#### GIVEN MATERIAL:
○ ○ ○

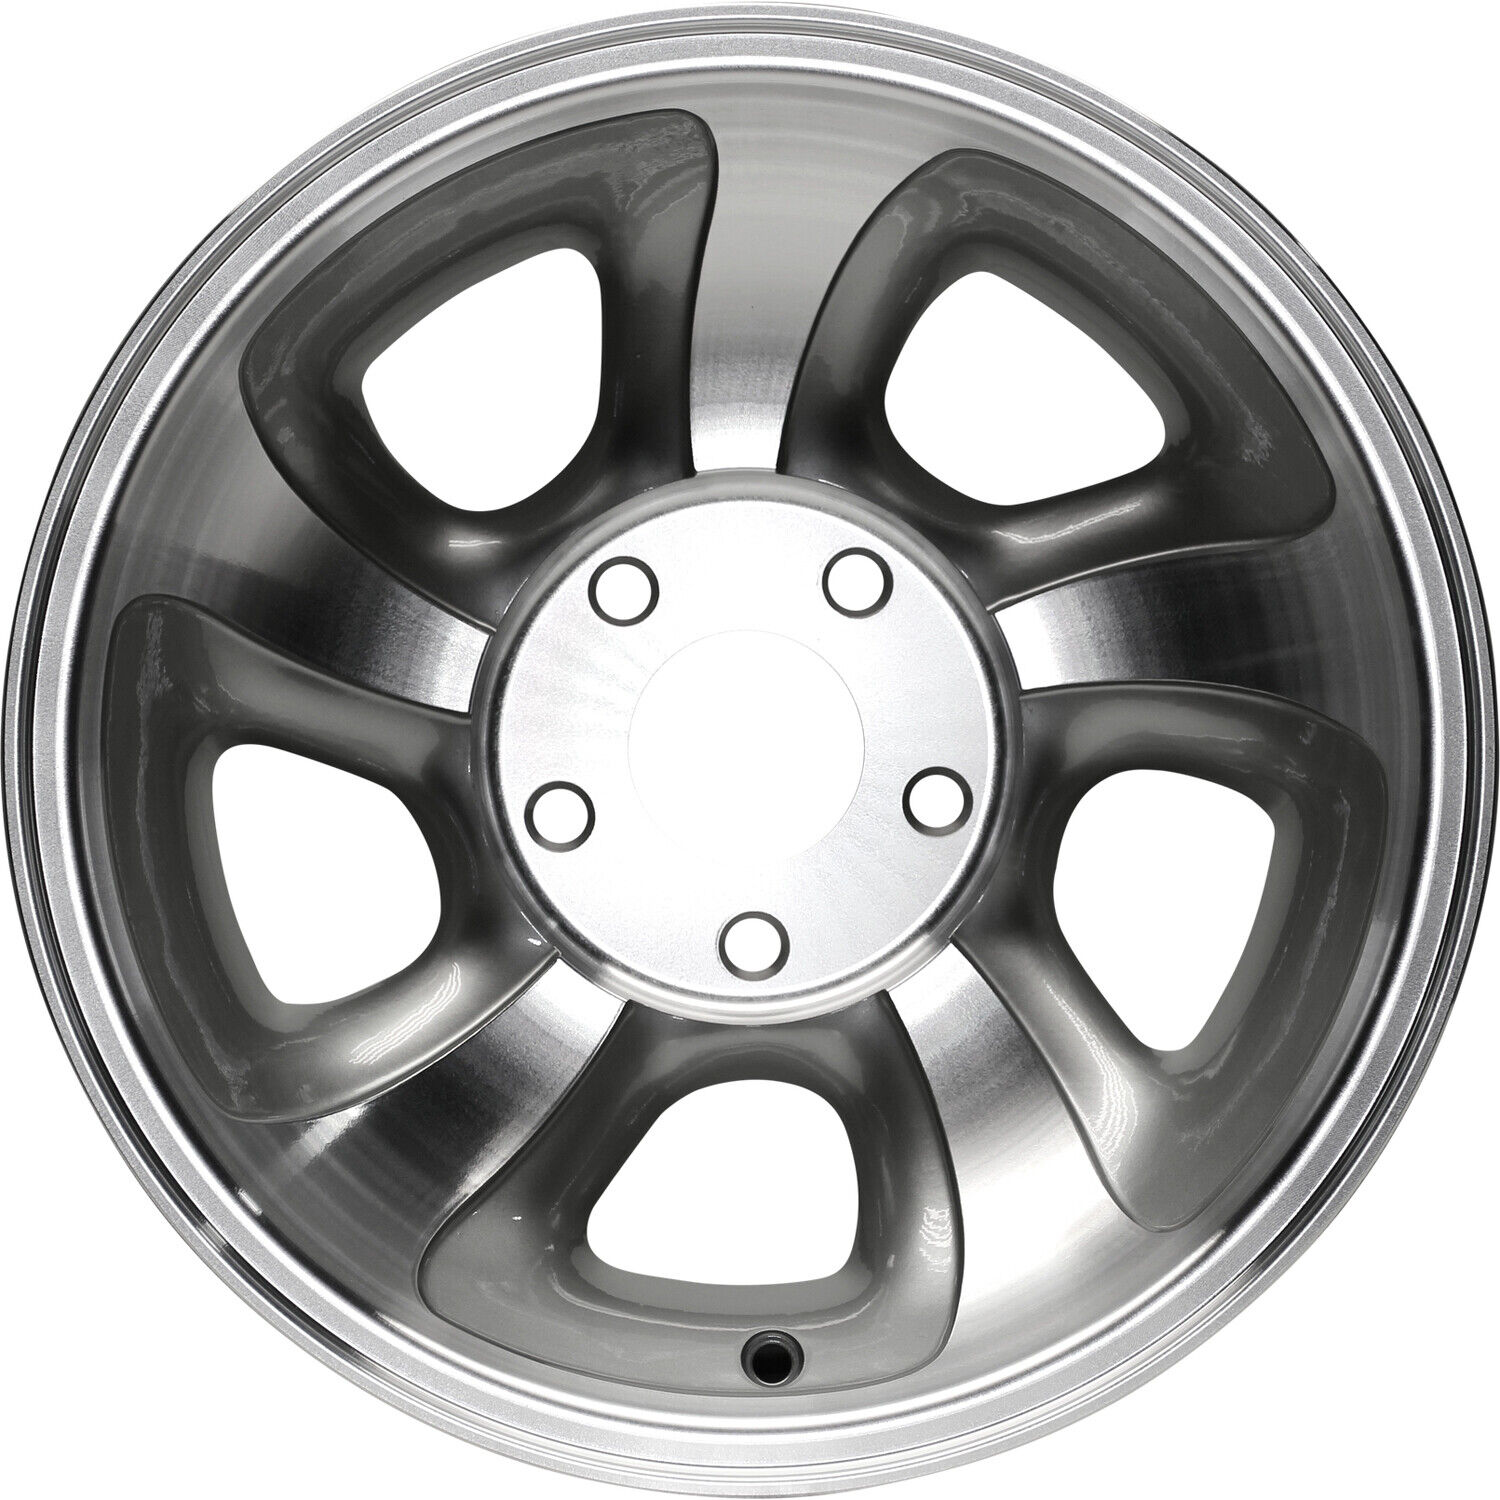 05063 Reconditioned OEM Aluminum Wheel 15x7 fits 1998-2003 Chevrolet S10 Pickup
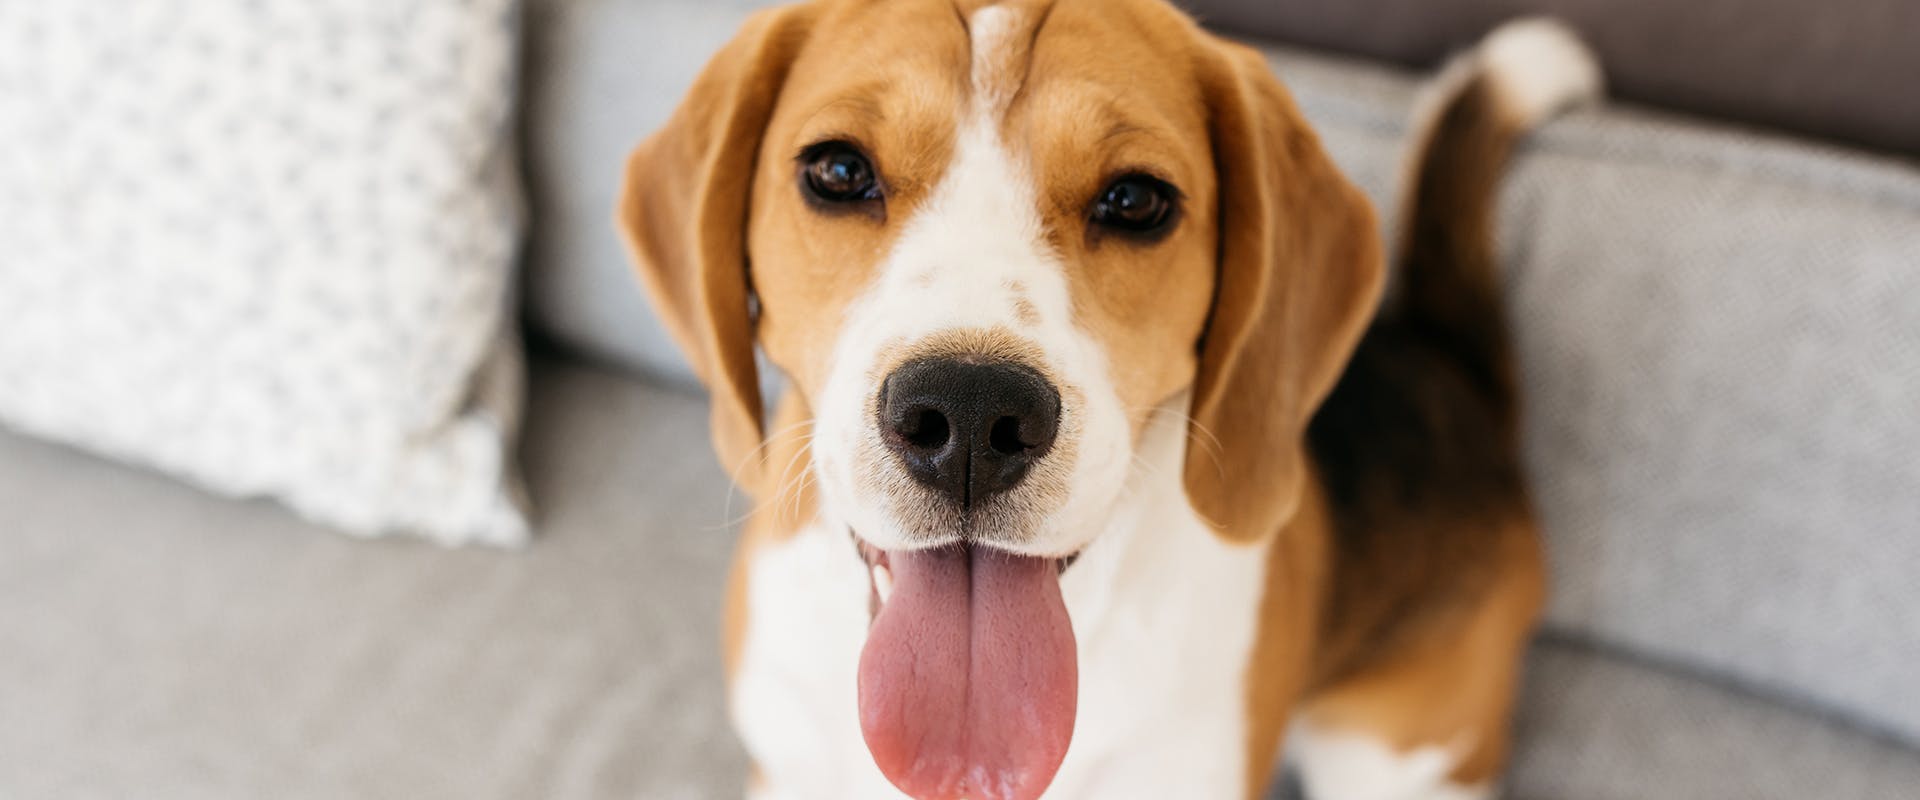 A Beagle dog sitting on a sofa with its tongue sticking out
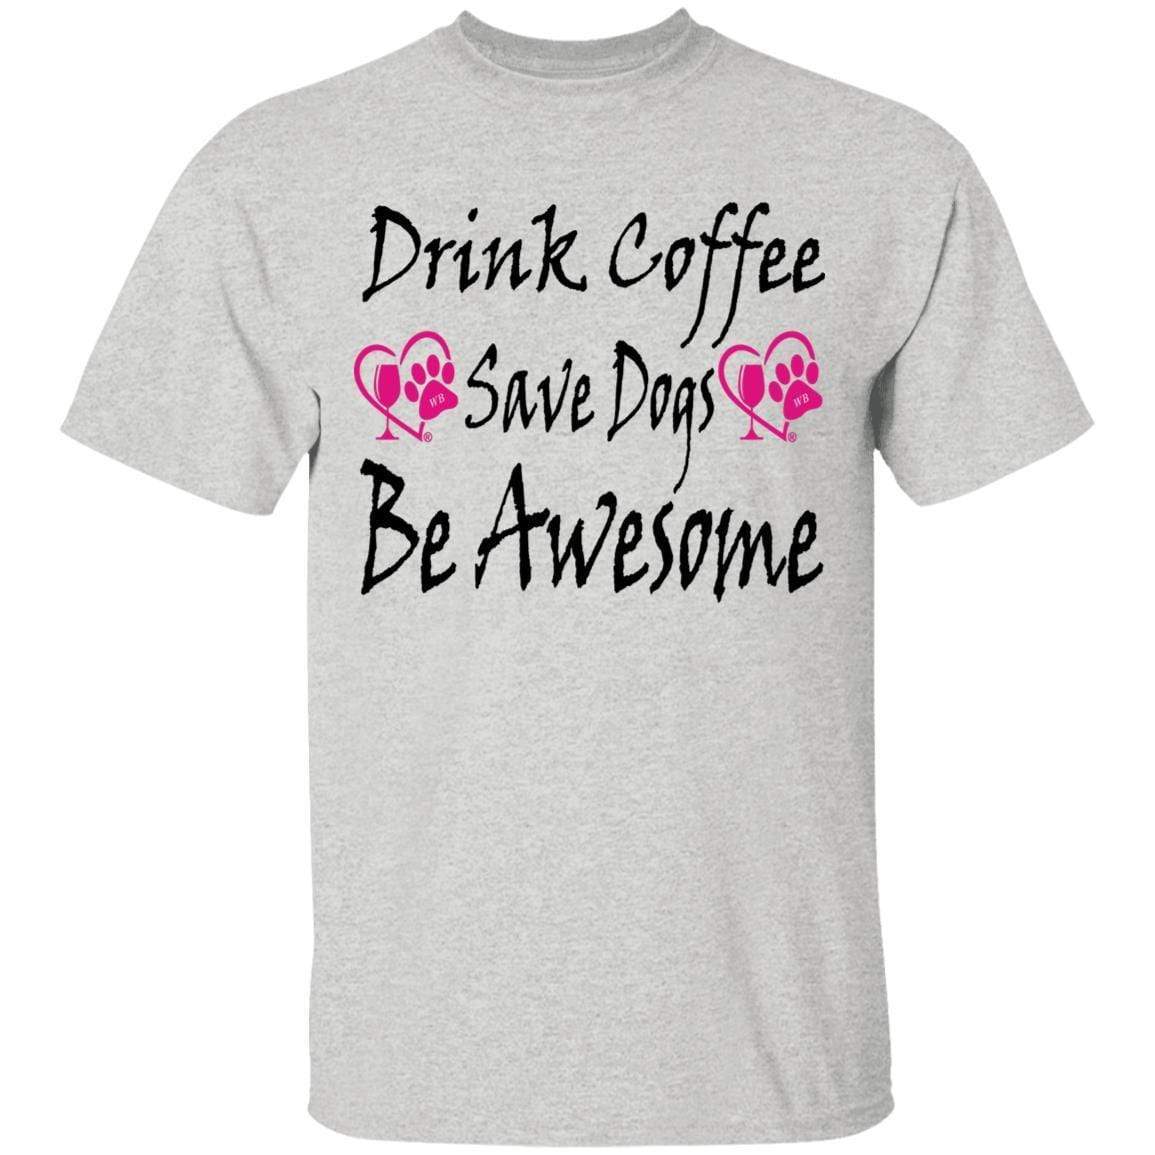 T-Shirts Ash / S Winey Bitches Co "Drink Coffee Save Dogs Be Awesome" 5.3 oz. T-Shirt WineyBitchesCo
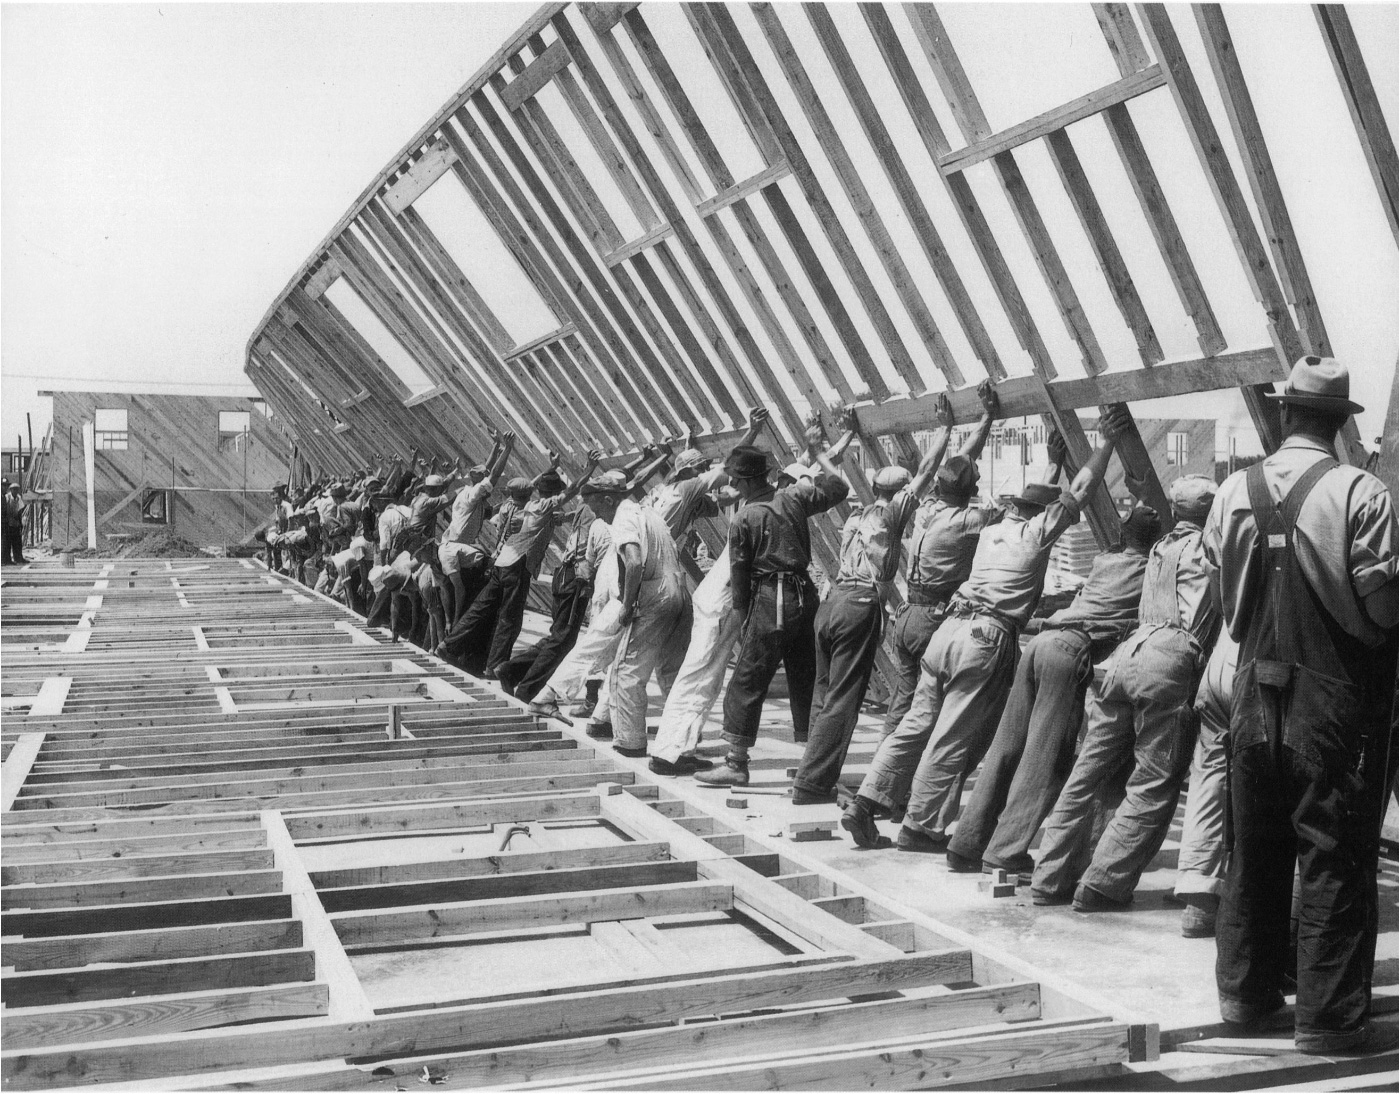 Black and white photo of men working together to raise a wood frame

○ ○ ○

#### TASK DESCRIPTION:
All lines from the one that contains "T-Shirts Ash /" through the last line of the data should be retyped exactly, with the pictures left out.

#### RESPONSE FOR THIS EXERCISE:
 T-Shirts Ash / S Winey Bitches Co "Drink Coffee Save Dogs Be Awesome" 5.3 oz. T-Shirt WineyBitchesCo
 Black and white photo of men working together to raise a wood frame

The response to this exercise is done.